People may not be able to take part in this trial if they have:

• Rare types of HCC (such as fibrolamellar HCC and sarcomatoid HCC)
• Previously received certain treatments, including with CITs
• Certain other medical conditions, including liver conditions, high blood pressure, auto-immune diseases, infections, another cancer type within the last 5 years, pregnancy or breastfeeding, or people planning to conceive during or shortly after the trial

5. What treatment will participants be given in this clinical trial?

Participants will be given a combination of CITs (such as atezolizumab plus bevacizumab with or without tiragolumab, or RO7247669 plus bevacizumab) as an infusion into a vein. Participants will be placed in a CIT combination treatment group randomly (by chance) depending on the safety criteria they meet and the number of groups available. If three CIT combinations are available, they will have a 1 in 3 chance of receiving any one of those CIT combinations. This is an open-label trial, which means everyone involved, including the participant and the clinical trial doctor, will know the clinical trial treatment the participant has been given.

6. Are there any risks or benefits in taking part in this clinical trial?

The safety or effectiveness of the experimental treatment or use may not be fully known at the time of the trial.
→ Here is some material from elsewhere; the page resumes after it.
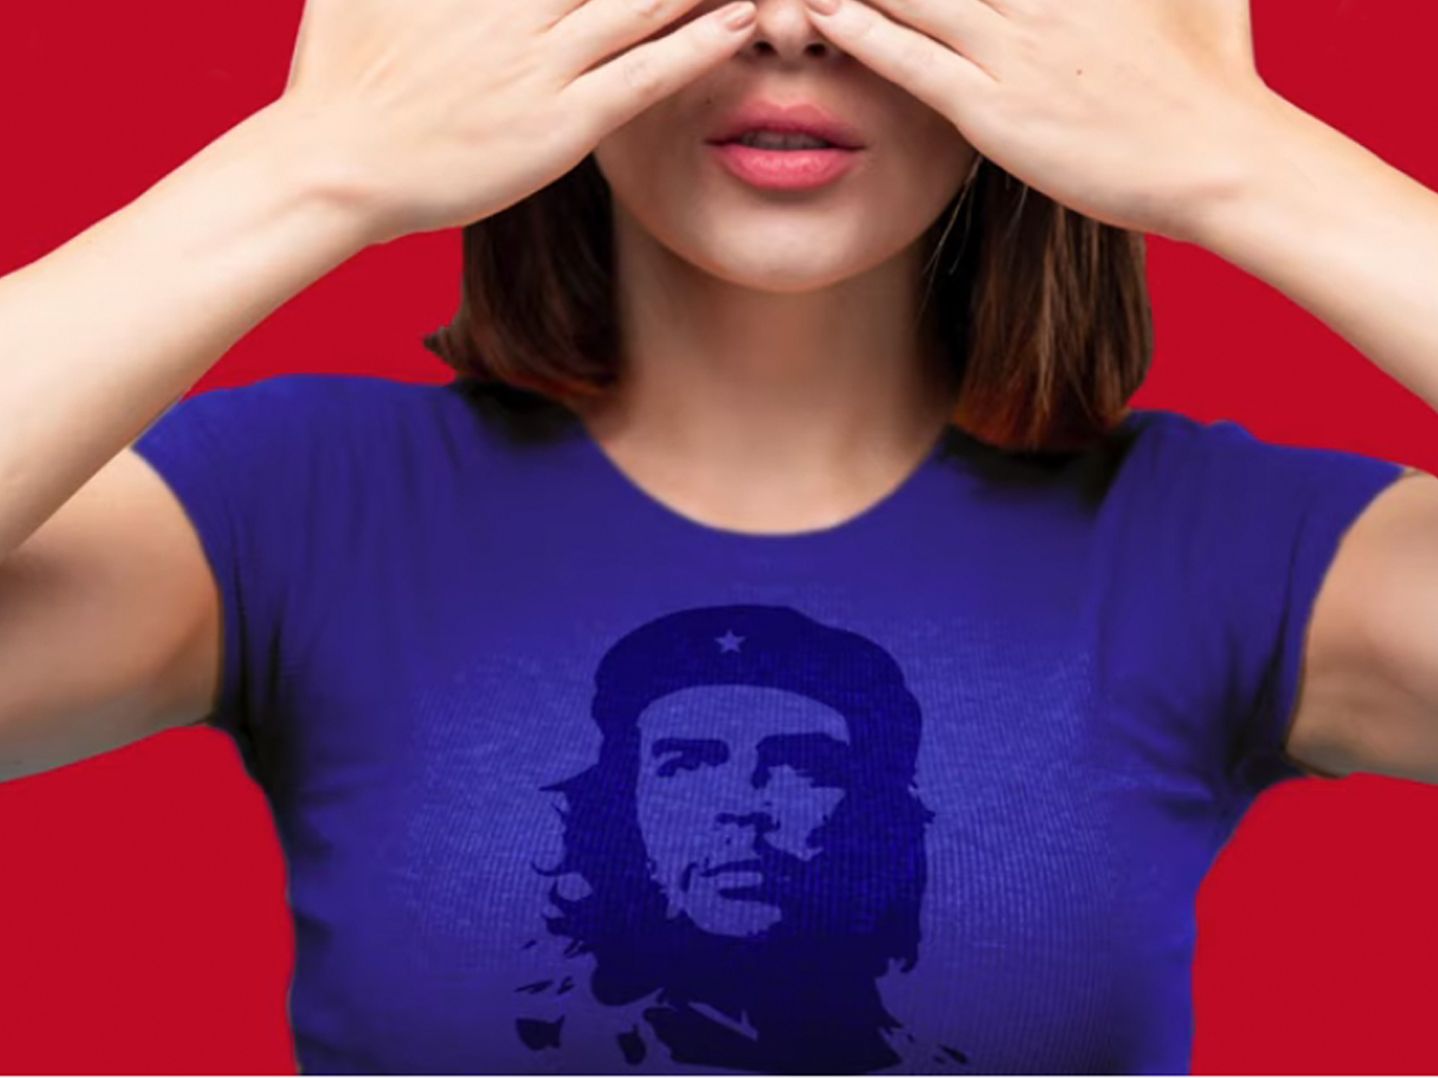 Your Che Guevara shirt celebrates a bloodthirsty maniac

Most trials involve some risks to the participant. However, it may not be greater than the risks related to routine medical care or the natural progression of the health condition. People who would like to participate will be told about any risks and benefits of taking part in the clinical trial, as well as any additional procedures, tests, or assessments they will be asked to undergo. All of these will be described in an informed consent document (a document that provides people with the information they need to decide to volunteer for the clinical trial).

Risks associated with the clinical trial drugs

Participants may delay surgery that could provide a cure, and have side effects (an unwanted effect of a medical treatment) from the drugs used in this clinical trial. Side effects can be mild to severe, even life-threatening, and vary from person to person. Participants will be told about the known side effects of CITs and possible side effects based on human and laboratory studies or knowledge of similar drugs. CITs will be given as an infusion into a vein (intravenous infusion). Participants will be told about known side effects of intravenous infusion.

Potential benefits associated with the clinical trial

Participants' health may or may not improve from participation in the clinical trial. Still, the information collected may help other people with similar medical conditions in the future.